Your goal: Could you output the listing that follows exactly, without its images?

Raw data:
▬▬▬

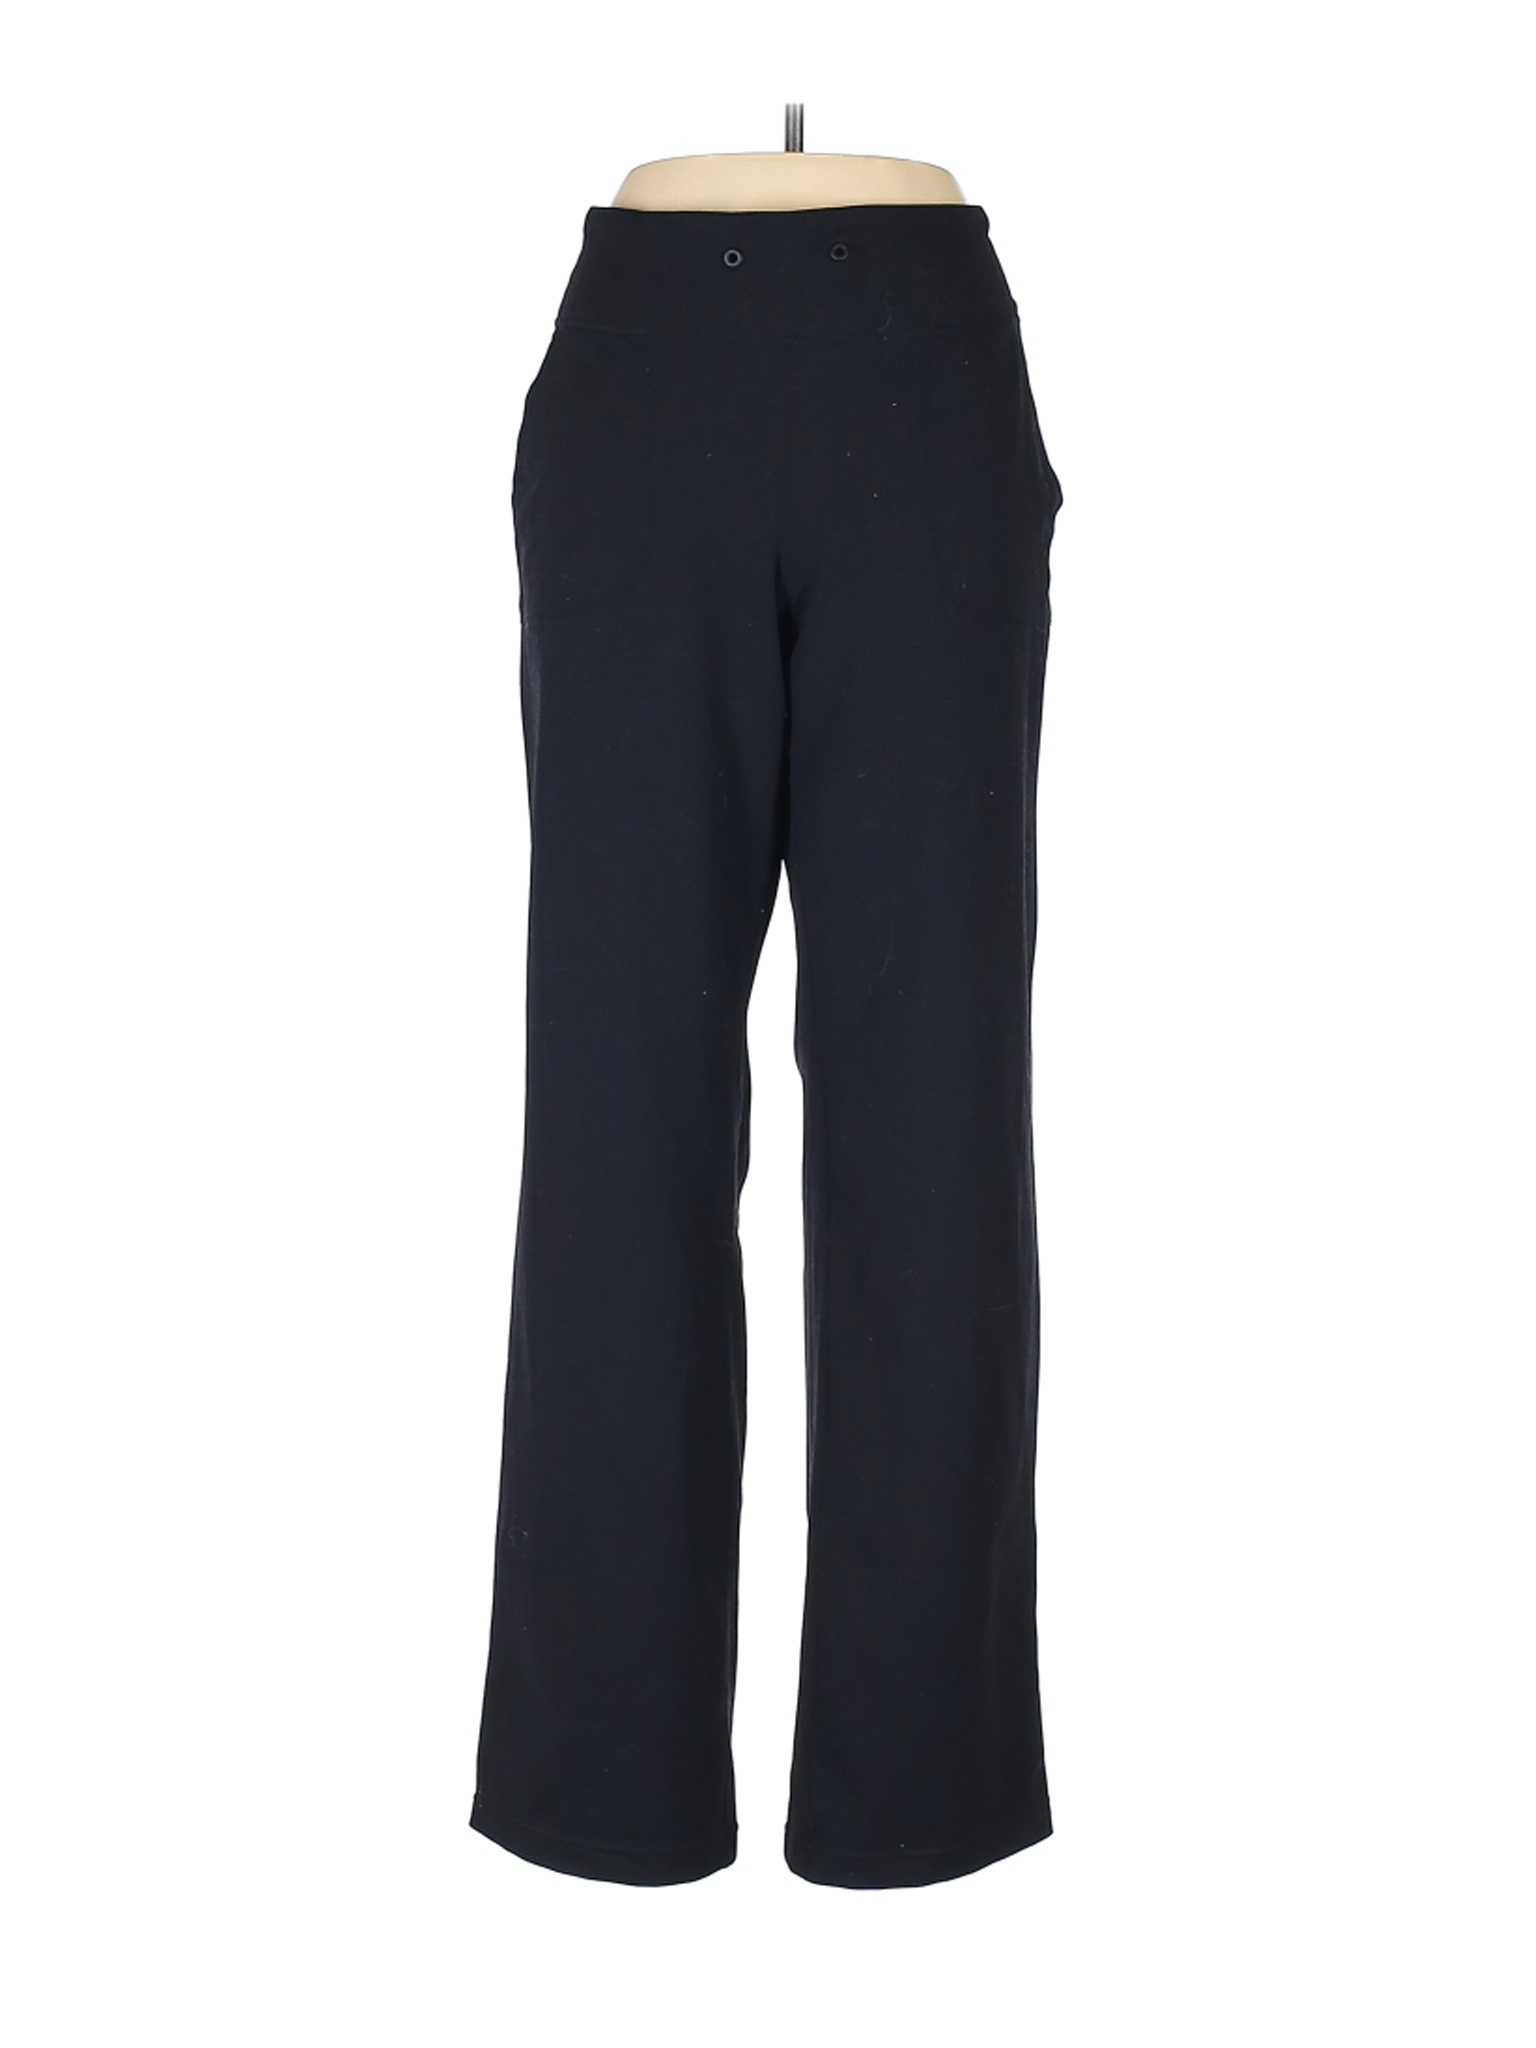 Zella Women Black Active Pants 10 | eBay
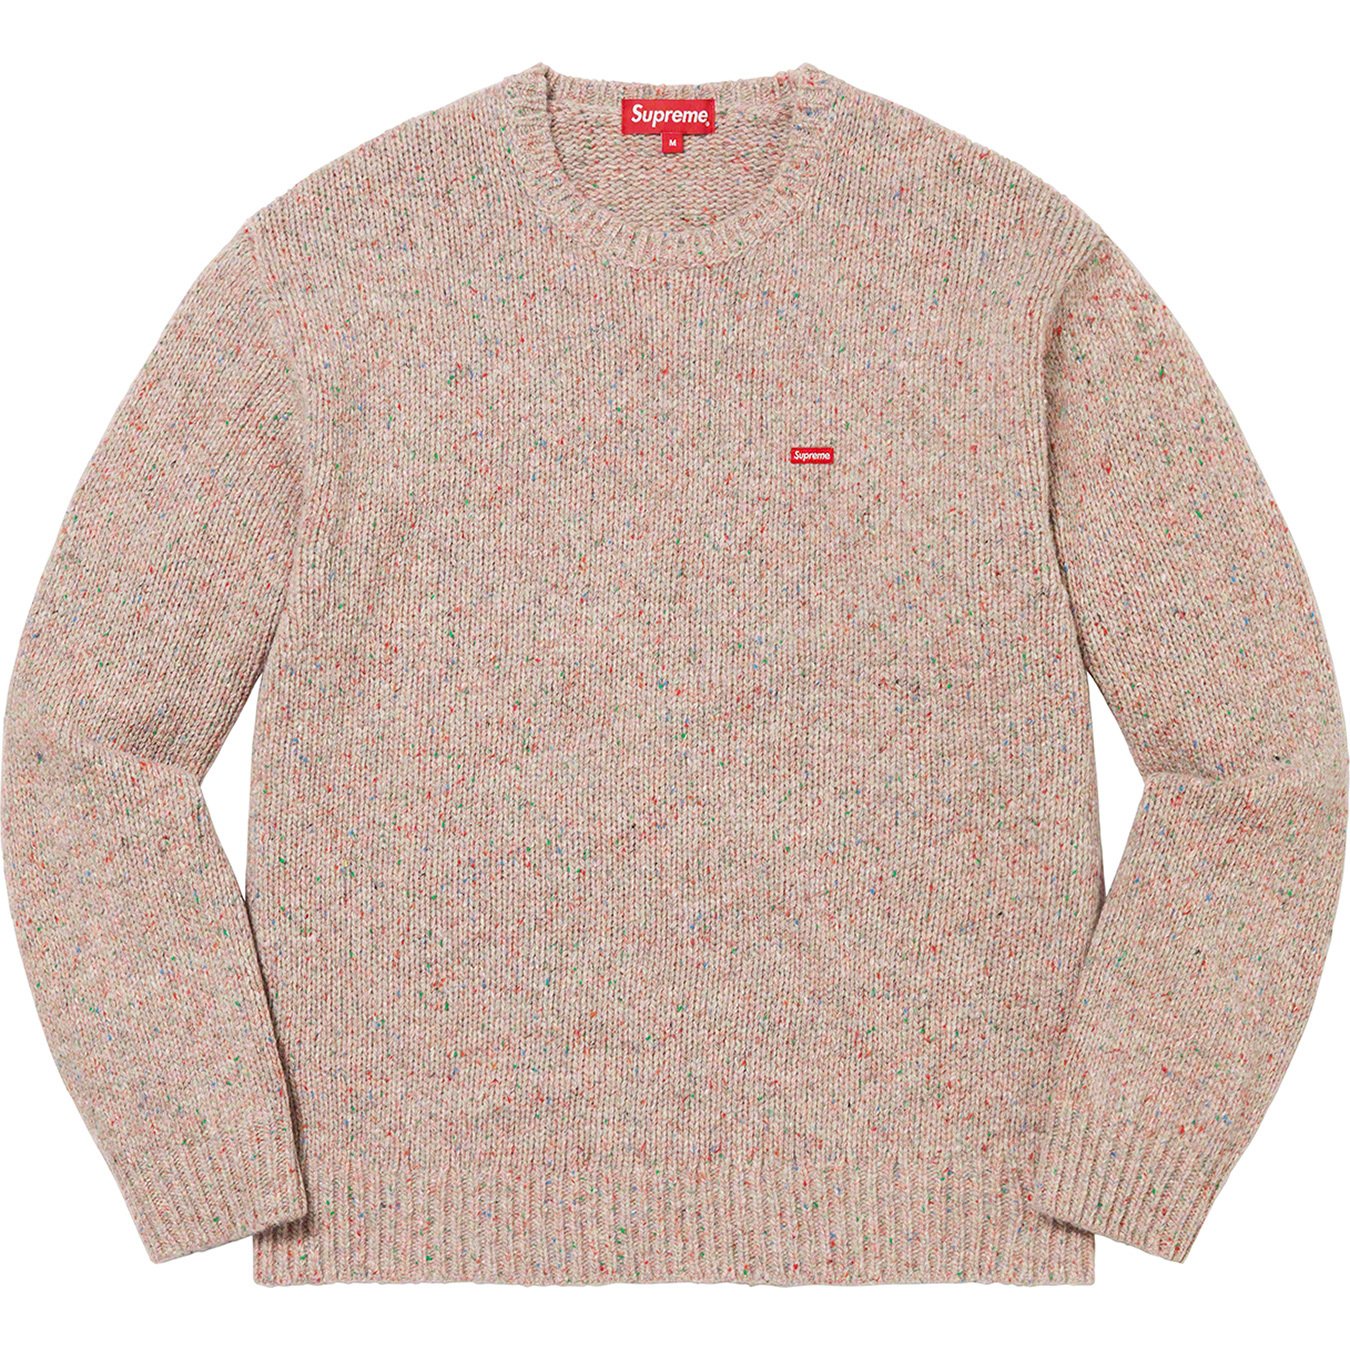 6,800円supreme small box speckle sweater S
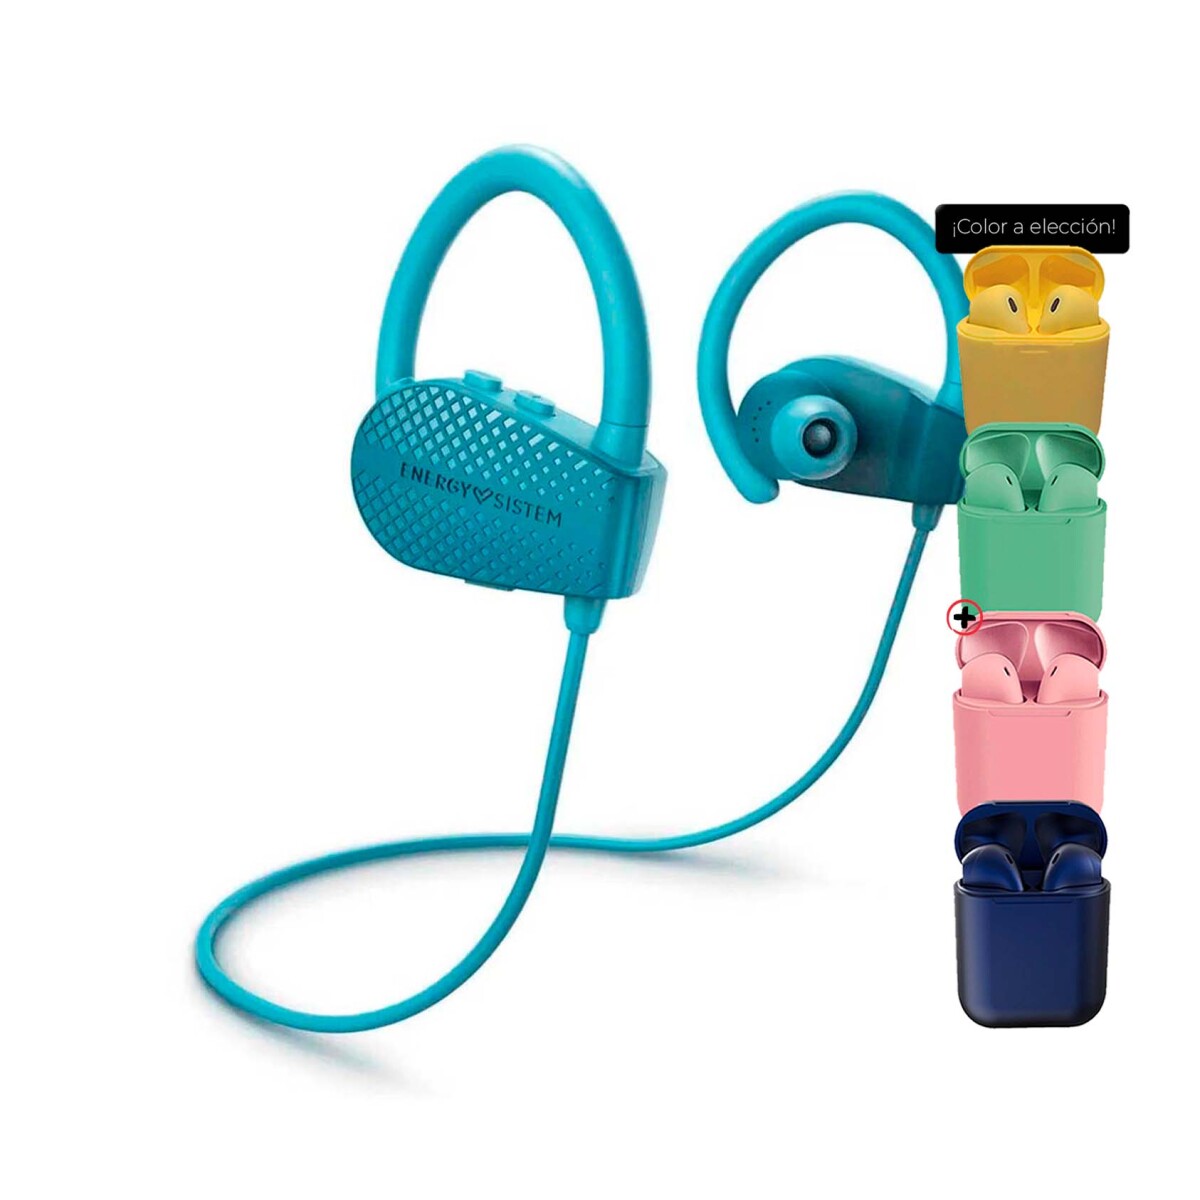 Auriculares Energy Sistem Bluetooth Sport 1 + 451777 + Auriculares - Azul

▬▬▬

Answer box:
 Zella Women Black Active Pants 10 | eBay
 6,800円supreme small box speckle sweater S
 Auriculares Energy Sistem Bluetooth Sport 1 + 451777 + Auriculares - Azul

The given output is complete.